The real-time production optimization system installed and in use at Harding field, UK North Sea, is being used collaboratively by onshore and offshore team members, as well as authorized service providers, to enhance production operations and manage the reservoir in ways not previously possible.

This field installation illustrates how a real-time data acquisition and control system can securely communicate with a remote data management system to achieve streaming of high-quality data from existing and new downhole monitoring devices, allowing event notification and remote advice for the control of wellsite functions. The installation described is based on emerging information technologies for secure data transmission and bidirectional communication. In this way, systems can be quickly deployed at the wellsite using only standard physical communication links (fiber, satellite, cellular, Internet, etc.), making them independent of communication service and legacy infrastructure. The data can then be securely accessed and downloaded by multiple users via standard desktop personal computer (PC) Web browsers over their intranets or the Internet, and it provides a collaborative workspace.

As use of the system progresses, applications in addition to those described here are sure to be found. Still in its early stages, the system already delivered significant production results in 2002.  WO

ACKNOWLEDGMENTS

The authors thank the management of BP Exploration and Production UK Ltd., Kerr-McGee North Sea Ltd. and Schlumberger for permission to publish this article, which was written from SPE Paper 83973, first presented at Offshore Europe 2003, held in Aberdeen, UK, September 2–5, 2003.


THE AUTHORS

   

Simon Richardson is field development manager for BP's Wytch Farm oil field, England. Previously, he was subsurface team leader for Harding field. Richardson has 20 years of experience as a reservoir engineer with Shell, Britoil and BP Exploration. He has authored several SPE papers on reservoir management and has a degree in engineering science from Oxford University.

Helen Keron has a degree in engineering and materials science from Oxford University. She is a wells engineer within BP's Mature Business Unit Well Services team in the North Sea. Before that, she was the production engineer for Harding field. Keron has five years of experience as a petroleum engineer with BP in the North Sea.

 

Wahyu Jatmiko has a degree in chemical engineering from Gadjah Mada University. He joined BP Indonesia in 1992 and has been assigned work in both petroleum and reservoir engineering disciplines. During 2002-2003, he worked on Harding field as surveillance engineer. Currently, he is a petroleum engineer for BP Indonesia, largely focused on gas lift optimization in BP's West Java field.

Jack Booker is an acquisition-data delivery engineering manager for Schlumberger, based in the Riboud Product Center, Clamart, France. He manages a team that develops acquisition, control and data transmission systems for wellsite sensor and downhole control tools. He received an MSc degree in electrical and computer engineering from the University of Texas, Austin. He is a member of IEEE and SPE.

Leo Osugo has worked for Schlumberger internationally for 20 years.
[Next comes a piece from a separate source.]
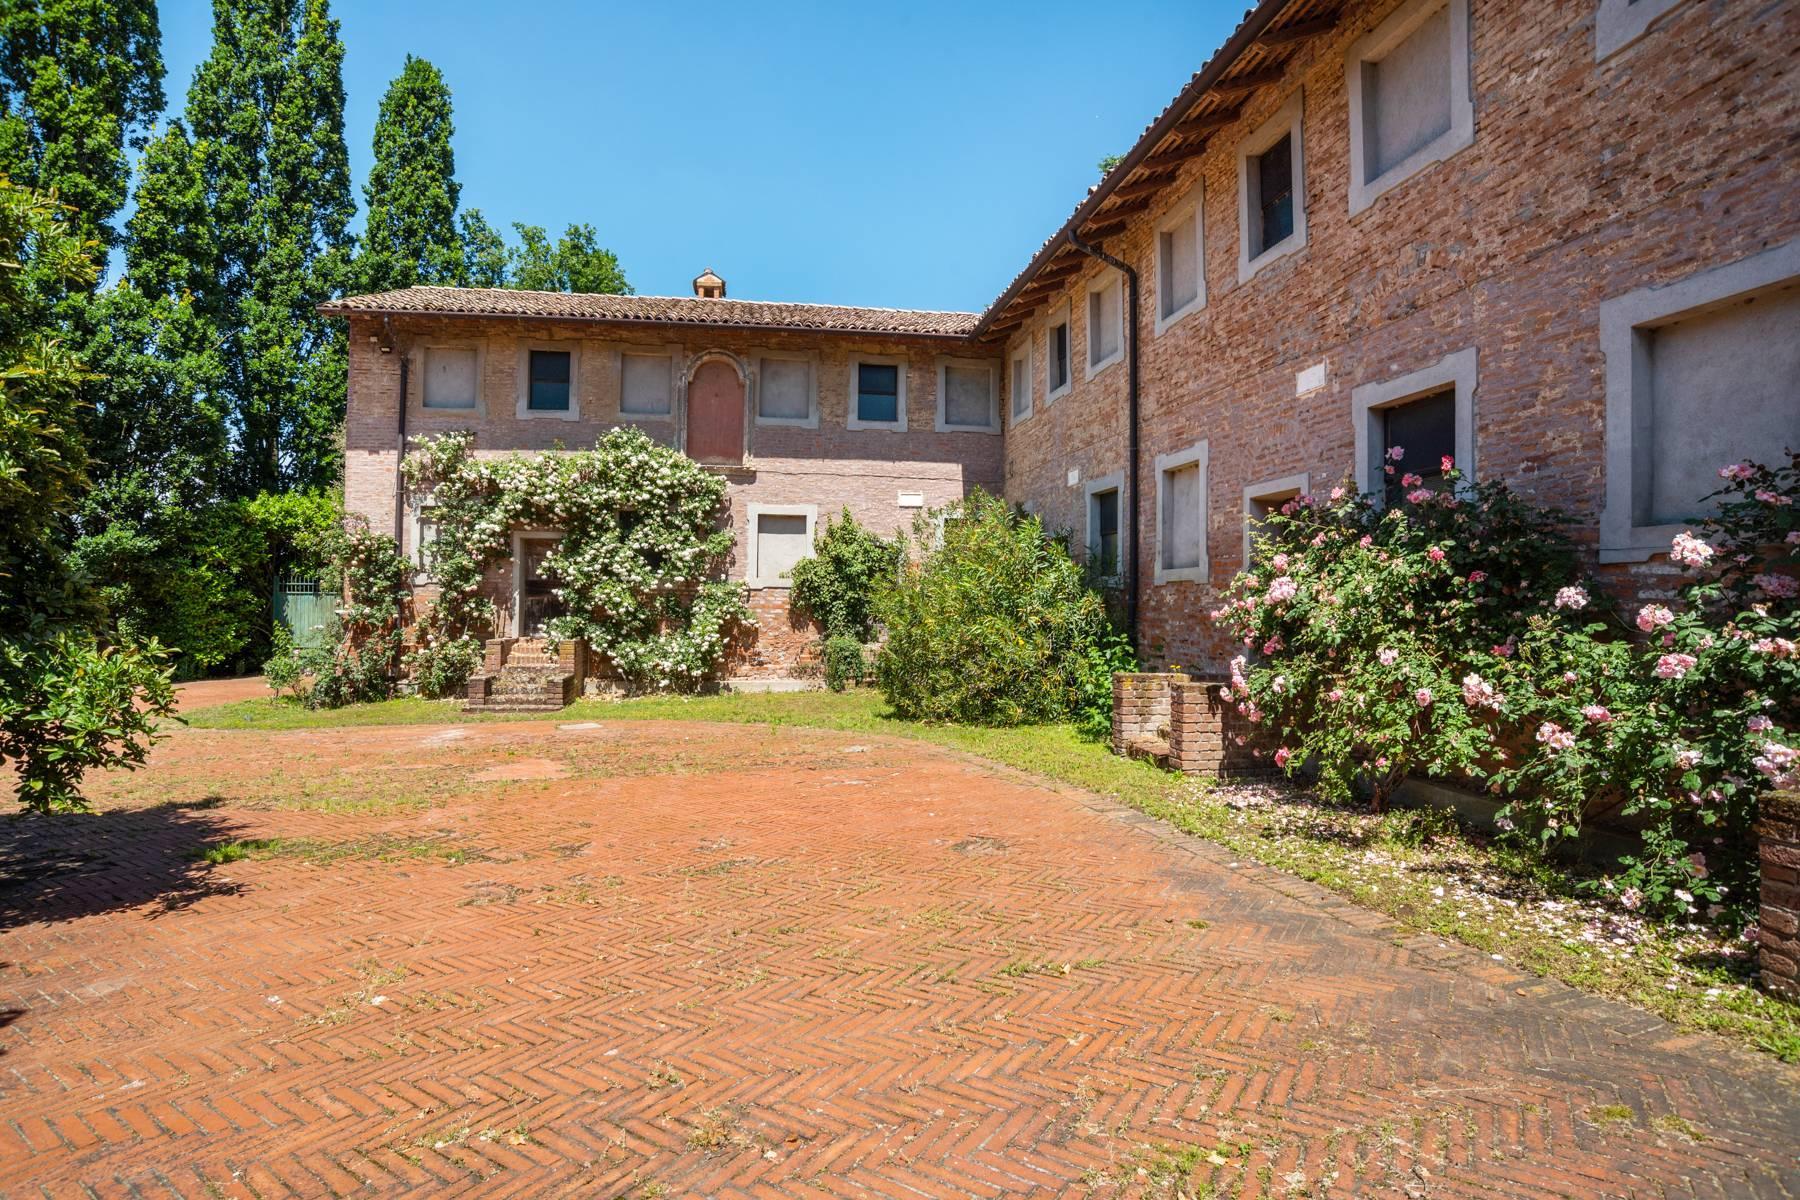 Magnifica proprietà immersa nel verde a Pavia - 9

He started in Wireline & Testing as a field engineer working his way through several successively senior positions in operations, manufacturing, marketing and sales. His present position is real-time production management business development manager for the UK.

John M. Donachie is a business development manager for Schlumberger, focused on Framo multiphase pumps and metering applications. He previously focused on production lift, metering and optimization engineering. He received a BA degree in mechanical engineering from the University of Aberdeen in 1995 and is an active member of the SPE, particularly its young oil and gas professional forums.